• Task details
All lines below between the line with "Women's Faux-Leather Leggings - Black" and the line with "Gluten-free zucchini bread", including both, must be copied exactly, and the pictures must be omitted.

[[ Records provided, beginning ]]

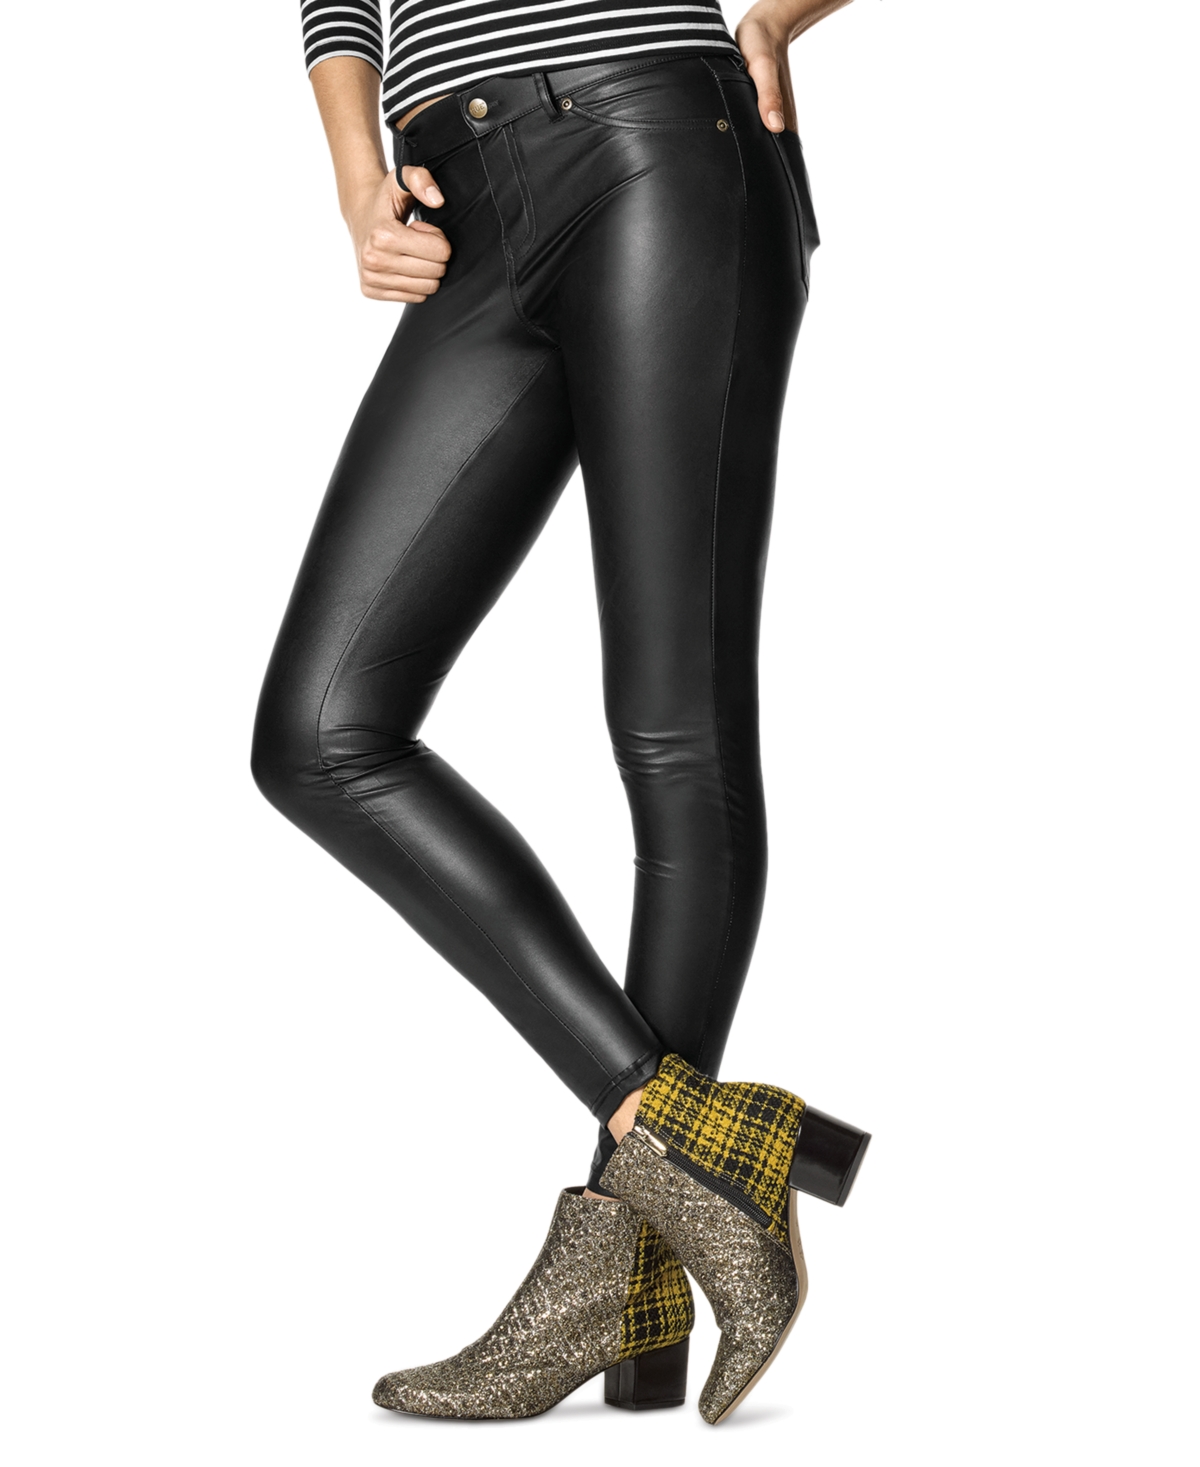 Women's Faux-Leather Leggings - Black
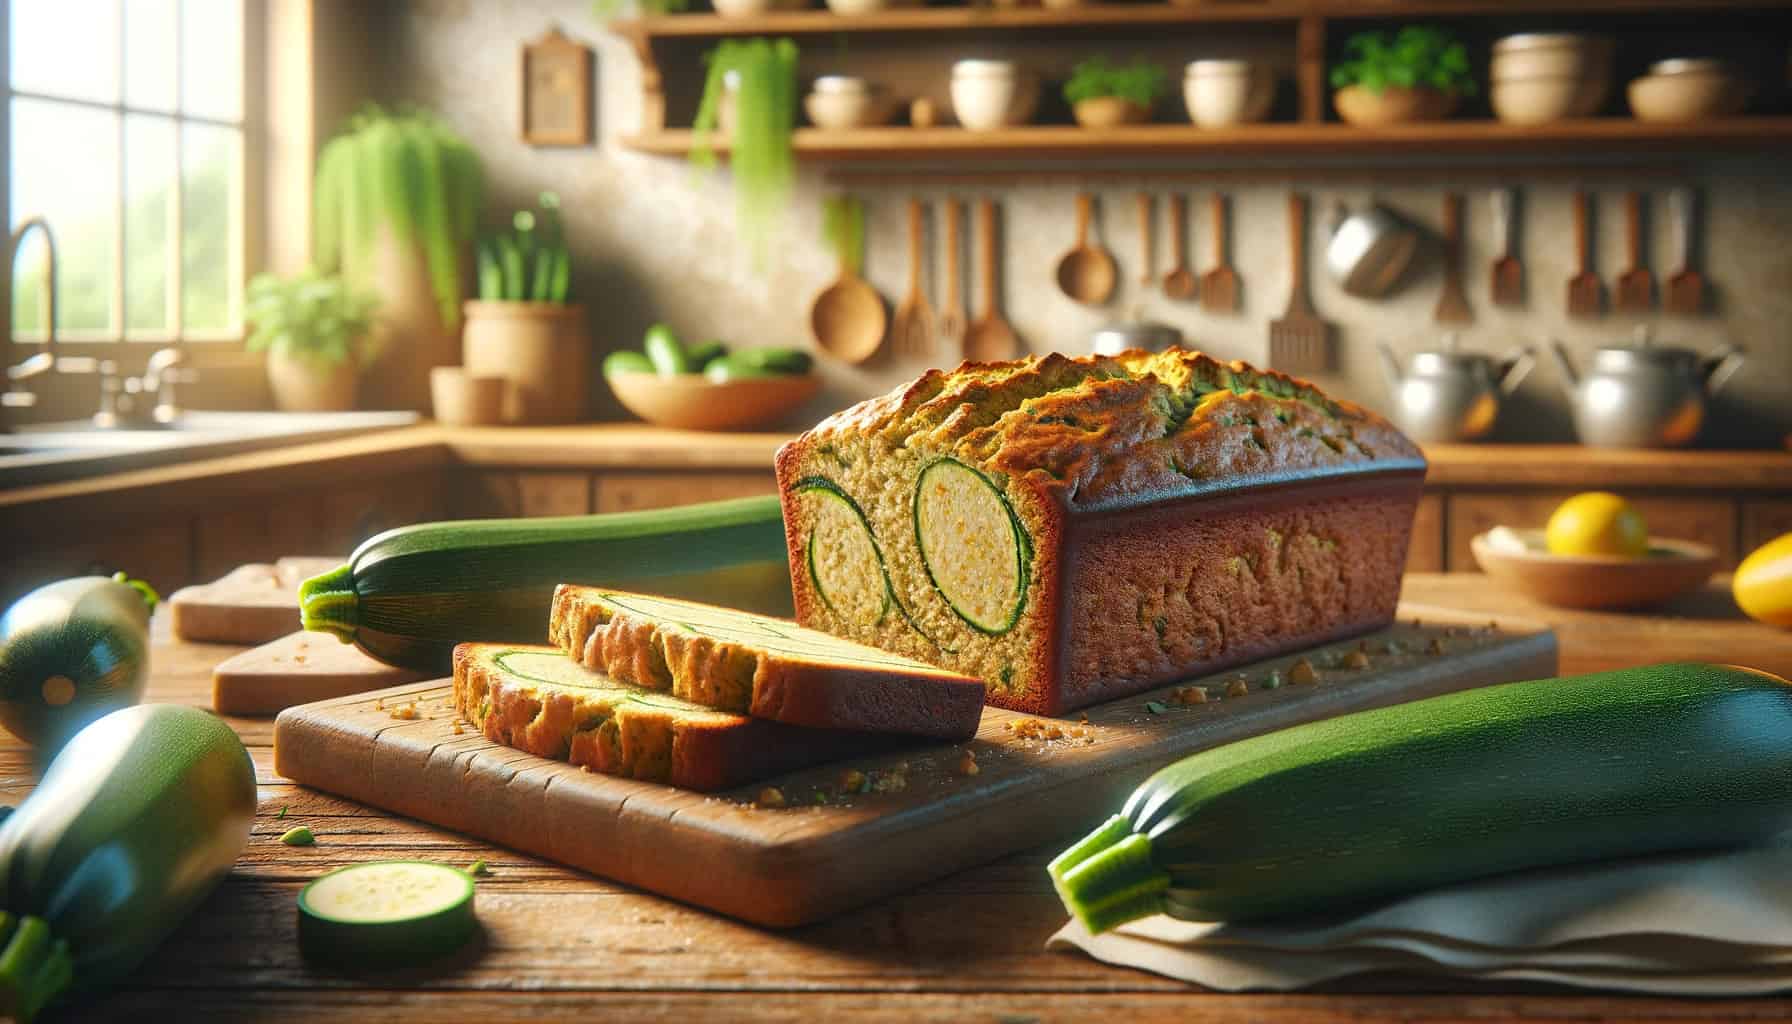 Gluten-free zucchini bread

[[ Records provided, end ]]
[[ Records provided, beginning ]]

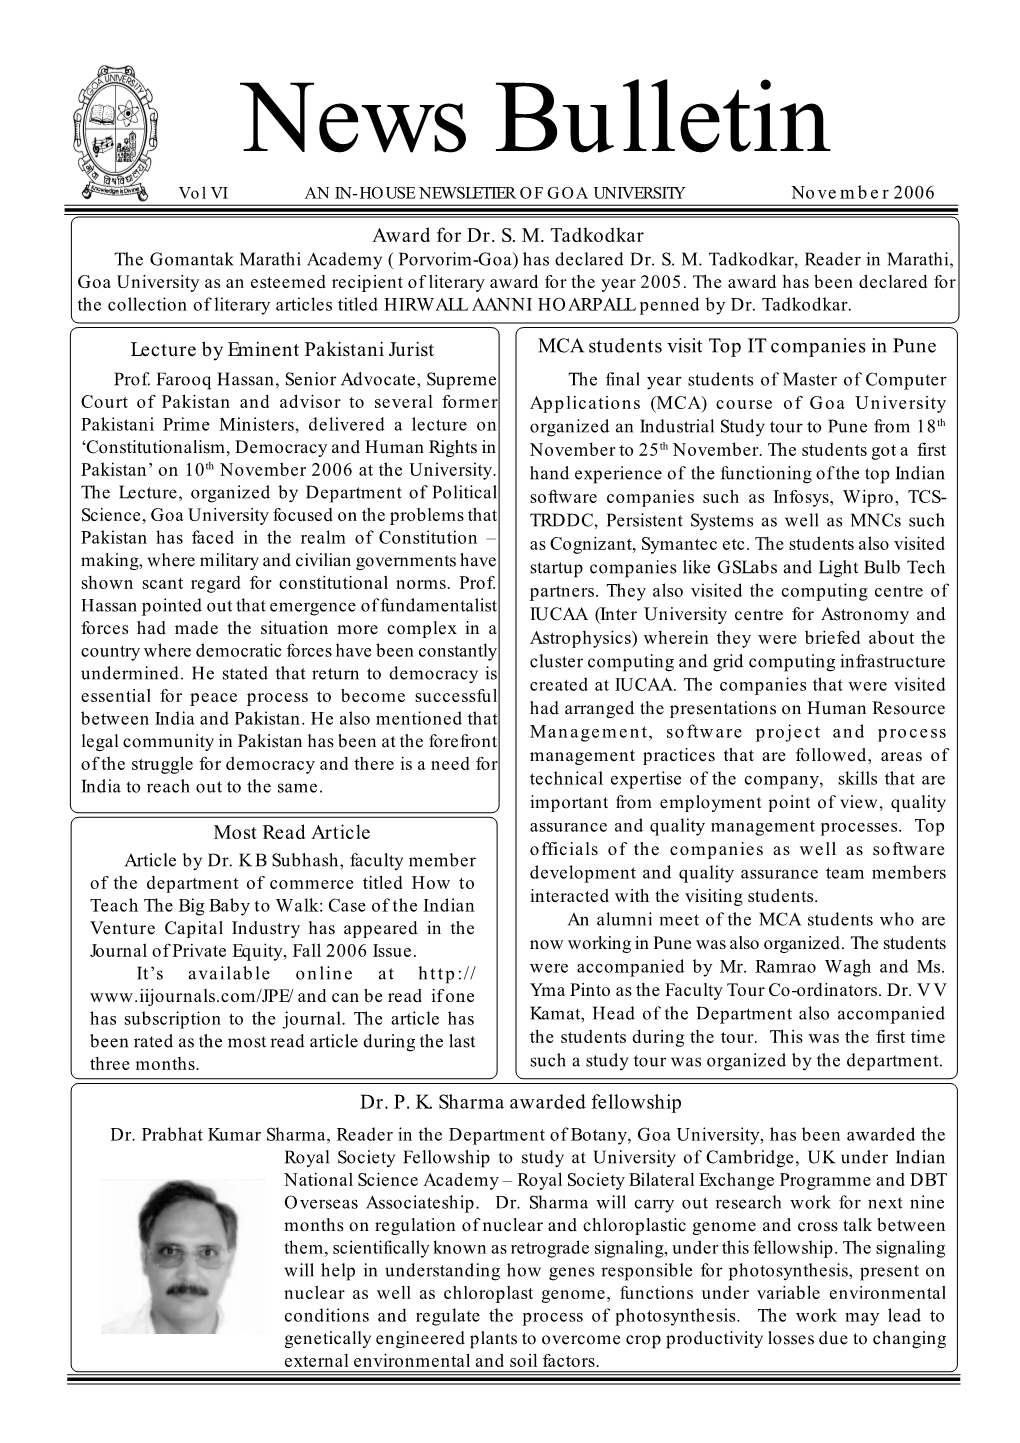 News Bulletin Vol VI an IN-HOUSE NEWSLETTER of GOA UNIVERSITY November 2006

[[ Records provided, end ]]

• Solution to this exercise
 Women's Faux-Leather Leggings - Black
 Gluten-free zucchini bread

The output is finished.